07 février 2018
Le Parlement européen a créé, mardi, une commission spéciale chargée d’enquêter sur les processus d’autorisation des pesticides dans l’UE. Les eurodéputés souhaitent répondre aux inquiétudes sur la potentielle intrusion des lobbies industriels dans la procédure de réautorisation du glyphosate pour cinq ans, votée fin novembre.
Environ 9 000 tonnes de glyphosate sont utilisées chaque année en France. © Noor Oulladi et Sophie Wlodarczak
Enquête d’intérêt général, nouveau procès contre Monsanto ou coquille vide ? Une commission spéciale sur la procédure européenne d’autorisation des pesticides a été approuvée mardi par le Parlement européen, à Strasbourg. Les écologistes Verts-ALE, les sociaux-démocrates du S&D et la gauche radicale GUE ont obtenu gain de cause. Michèle Rivasi, eurodéputée écologiste, s’est battue pour sa création : « À la suite des révélations sur les “Monsanto Papers”, on s’est aperçu que Monsanto avait beaucoup d’influence sur les expertises scientifiques déterminant la toxicité de son produit. C’est une puissance industrielle colossale qui achète des experts, des universitaires, les paye pour qu’ils signent les études rédigées par eux-mêmes, explique-t-elle. Il nous faut être vigilants.»
Constituée de 30 députés – choisis jeudi en session plénière –, la commission a neuf mois pour mettre en lumière les potentiels conflits d’intérêts entre l’industrie et les agences européennes. Le nom du ou de la presidente fait l’objet d’une forte attention de la part des élus, dont certains refusent de réagir avant que la composition ne soit rendue publique.

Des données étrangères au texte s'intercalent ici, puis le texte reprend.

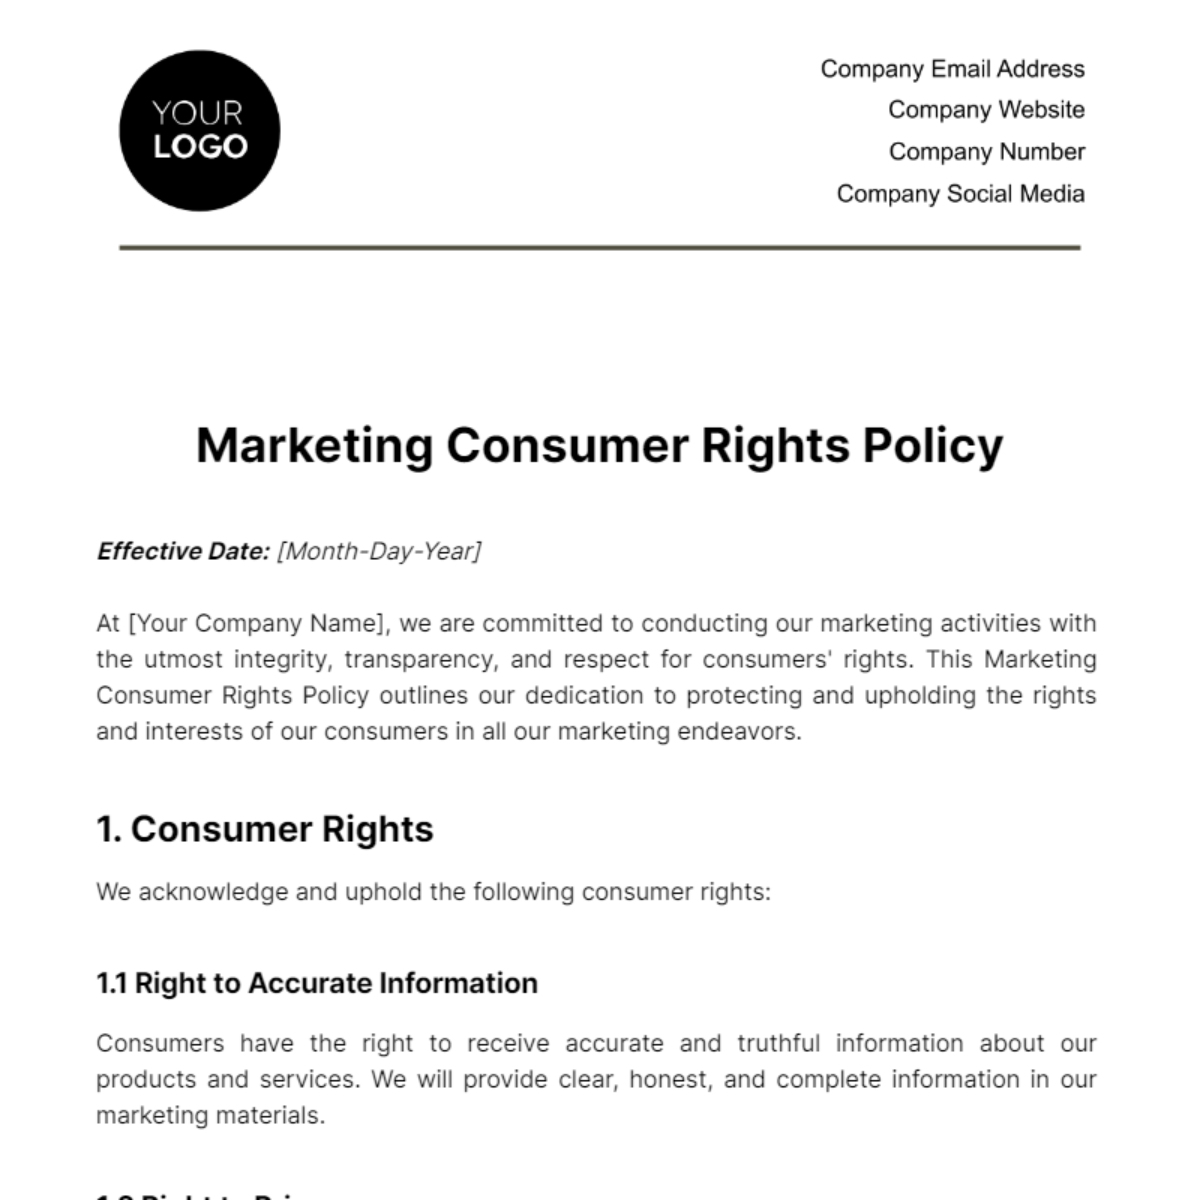 Marketing Consumer Rights Policy Template

« L’Efsa a perdu sa crédibilité »
En septembre, l’ONG autrichienne Global 2000 a révélé que de longs passages du dossier déposé par l’américain Monsanto pour solliciter le renouvellement du glyphosate ont été recopiés par les agences européennes dans leur rapport d’évaluation officiel sur la toxicité du produit, présent dans le Roundup, l’herbicide le plus vendu au monde. L’Agence européenne de la sécurité des aliments (Efsa) a jugé «improbable que le glyphosate représente un danger cancérogène pour l’homme » en se fondant sur cette évaluation.
Michèle Rivasi estime nécessaire que l’Agence divulgue les documents sur lesquels elle s’est appuyée pour tirer cette conclusion, malgré le poids du secret commercial. Pour l’élue écologiste, « l’Efsa a perdu sa crédibilité. Il faut qu’on regarde toutes les failles où l’industrie est capable de s’infiltrer ».
« Un objet politicien »
Dans les couloirs du Parlement, la nécessité de cette commission spéciale est contestée. Angélique Delahaye, l’eurodéputée (PPE, centre droit) se méfie: « Le risque est qu’elle soit un objet politicien » façonné par les anti-glyphosate pour remettre ce débat controversé sur le devant de la scène.

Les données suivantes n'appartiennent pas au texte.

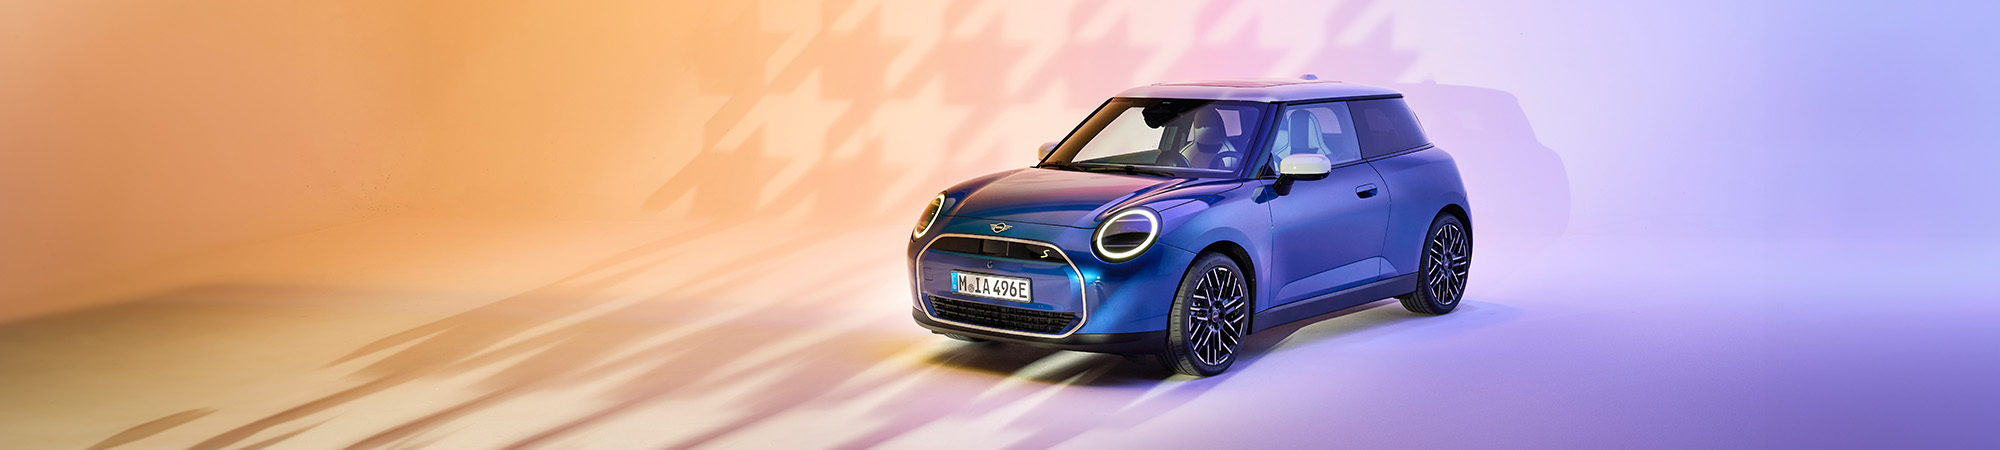 MINI goes all-electric with new MINI Cooper

La remise en cause de l’indépendance de l’Efsa, au centre des enjeux de cette investigation, est aussi perçue comme une manœuvre politique par l’Agence, elle-même. « Nous avons observé, dans le courant de l’année, que lorsque la science ne correspond pas à certains points de vue ou idéaux, c’est souvent cette dernière qui est considérée comme le bouc émissaire dans le débat public », se défend un porte-parole de l’Efsa. De son côté, l’ECPA, l’Association européenne des fabricants de pesticides, espère que ce groupe d’enquête montrera « combien le processus d’approbation des pesticides est rigoureux et sûr », affirme son porte-parole, Graeme Taylor.
Le poids de la mobilisation citoyenne
Malgré les profonds désaccords sur la toxicité ou non du glyphosate et de sa mise sur le marché, l’initiative citoyenne européenne « Ban Glyphosate », initiée par une coalition de 38 ONG, et réunissant plus d’un million de signatures début 2017, a été déterminante. Ces dernières années, l’accumulation des affaires éclaboussant la neutralité des institutions, à l’image du Dieselgate, alimentent la suspicion des ONG européennes. Suffisant pour mettre d’accord les présidents des groupes européens, en janvier, sur la création de cette commission, procédure exceptionnelle. Depuis la création du Parlement en 1952, seules 16 commissions spéciales ont été établies dont une destinée au Dieselgate en 2016. La France, elle aussi, a lancé une enquête sur l’indépendance des agences européennes, sous l’égide du député La République En Marche, Cédric Villani.